Even if you take that action-as-character-building dynamic away from the film, there’s still plenty to like about the destruction wrought in the film’s wake. The calculated nature of the heists and routines manages to bring clarity and precision without ever becoming mired in pre-ordained determinism; there’s always a sense of freewheeling looseness to the action that gives it spunk and limber. We never feel like we know what will happen next or how things will unfold; the loopy mid-60s caper film spirit typified by “gee, I wonder what will happen next” always pervades, and it adds an air of vicious excitement and twitchy abandon to the anarchic spirit of the film.
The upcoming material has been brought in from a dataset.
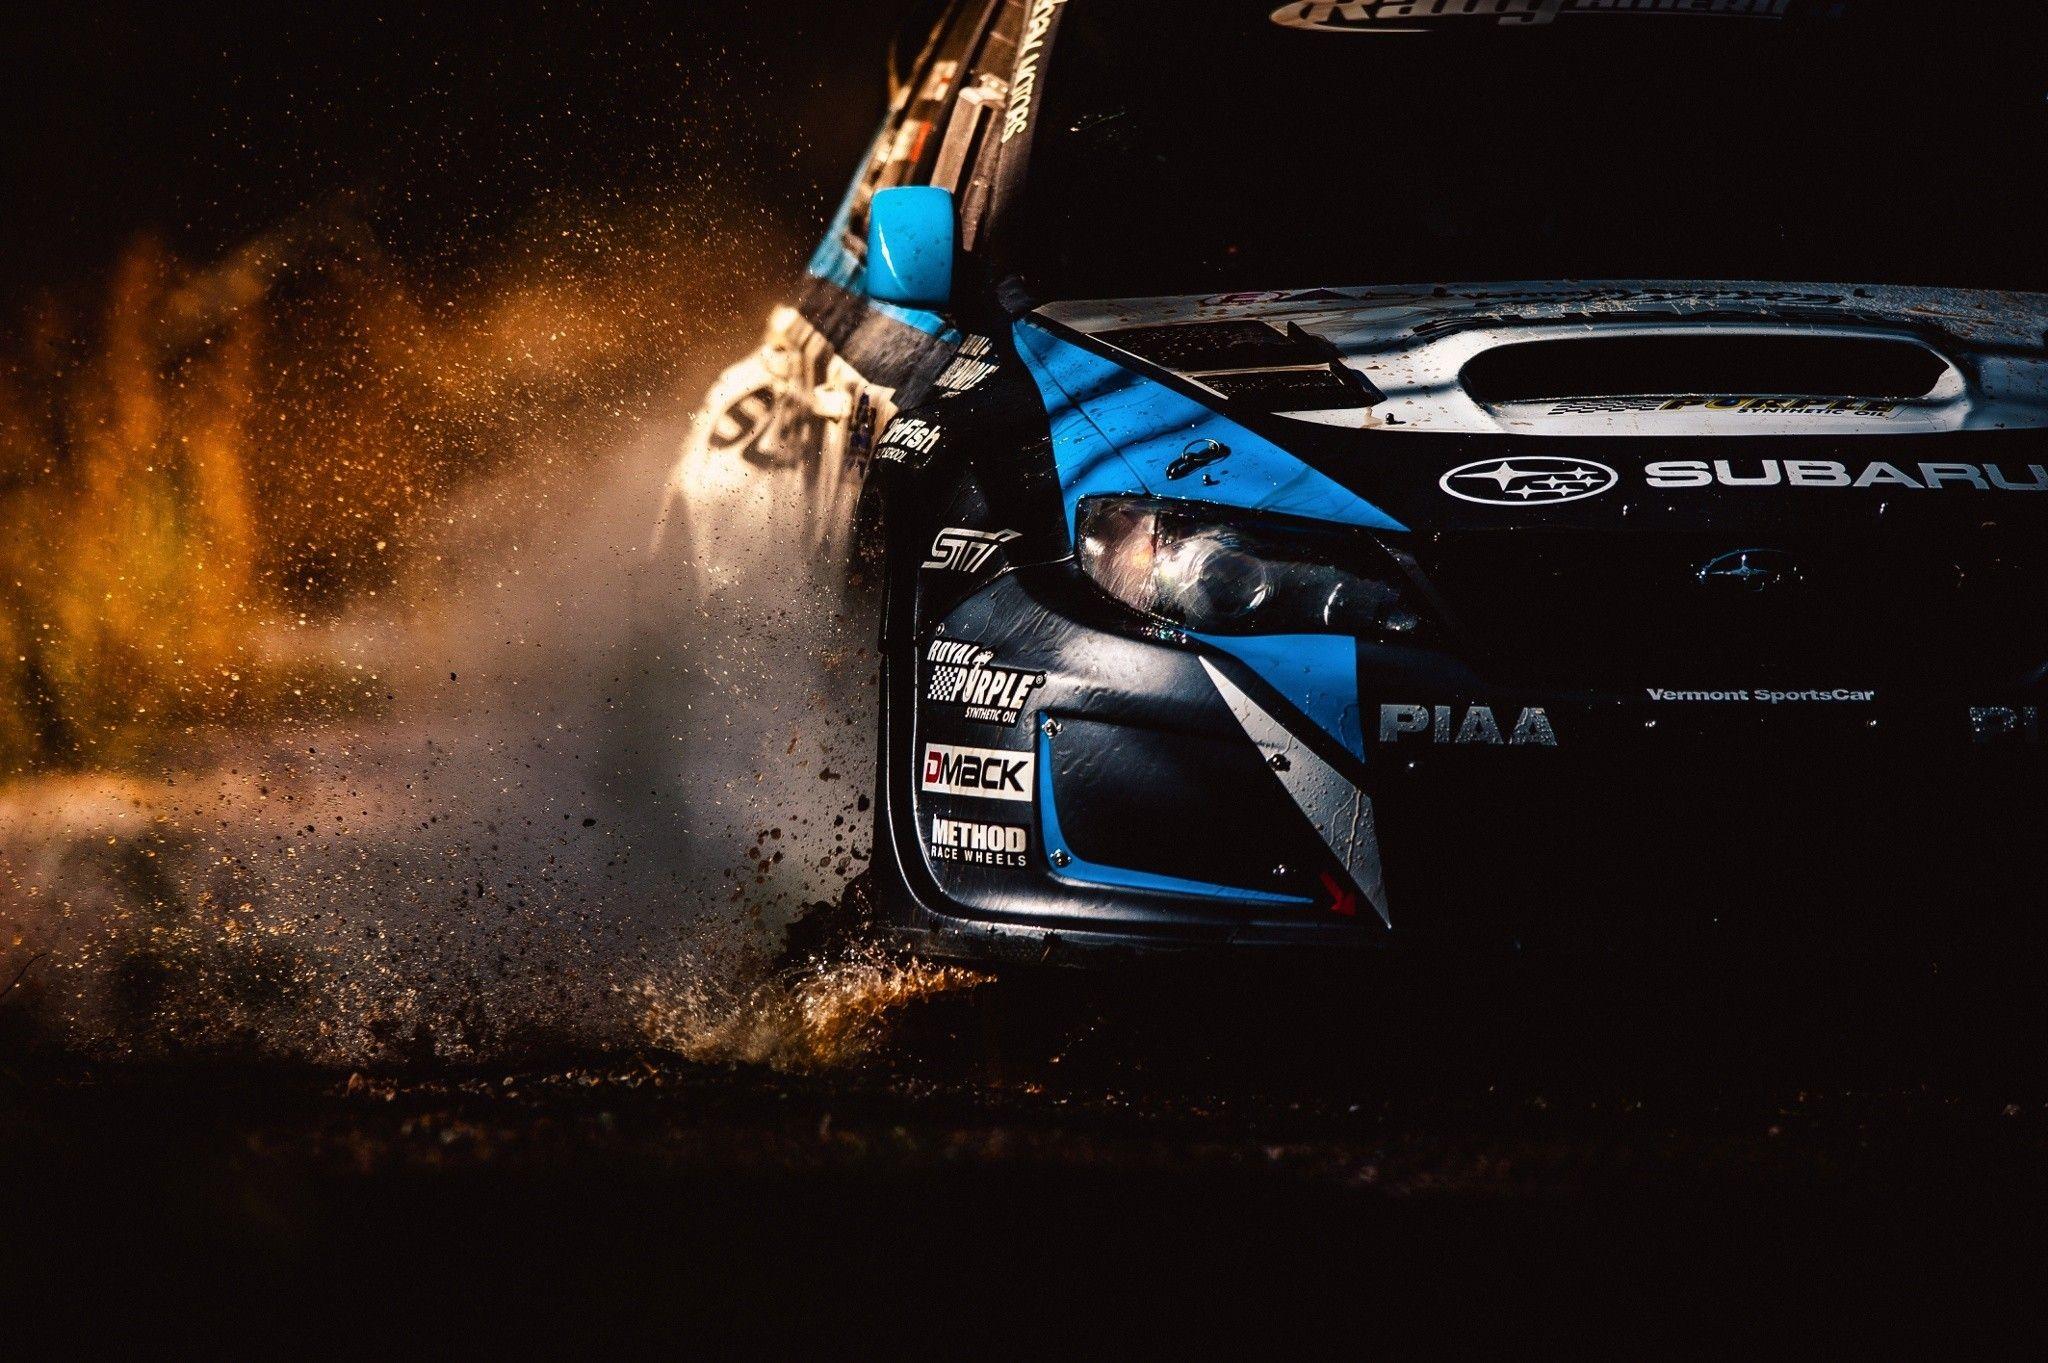 iphone xs dirt rally backgrounds

The way villains show up and leave like vanishing flourishes of smoke in the sunlight is especially exciting, with Stath treated less like a portentous grotesque than a conniving, disappearing menace.
As a thrill ride, it certainly isn’t absent any bumps. The length, a should-be-monotonous 137 minutes, is the biggest one, and it nearly threatens to derail the film’s trucking, propulsive energy. A good thirty minutes could have been shaved off here and there, and some of the character moments really don’t stand up even in light of the film’s internal passion overflowing onto the screen. The much-vaunted ending montage of Paul Walker’s history with the franchise is the sort of delirious bit where goodness and badness are fundamentally intertwined at an inextricable level; it is almost surreal, but far less comfortably “good”. Still, you wouldn’t necessarily go to a movie like Furious 7 hoping for it to lack flaws. At some level, even if they make the whole affair a tad less fast than it ought to be, the bumps only increase the furious nature of the ride. They create a dizzying whiplash when the movie just nearly goes off the rails only to snap back with a frighteningly good high-spirits action scene. Furious 7 does what a good, if not transformative, summer blockbuster can do: elevate the “highs” to new heights and minimize the time the screen is devoted to the inevitable lows. And, be it when The Rock and The Stath are pummeling one another and Wan turns the camera on its head to flow with the fight as it unfolds, or be it the aforementioned inescapably good mid-film mountainside chase, the highs in Furious 7 are lengthy, varied, and stratosphere-breaking.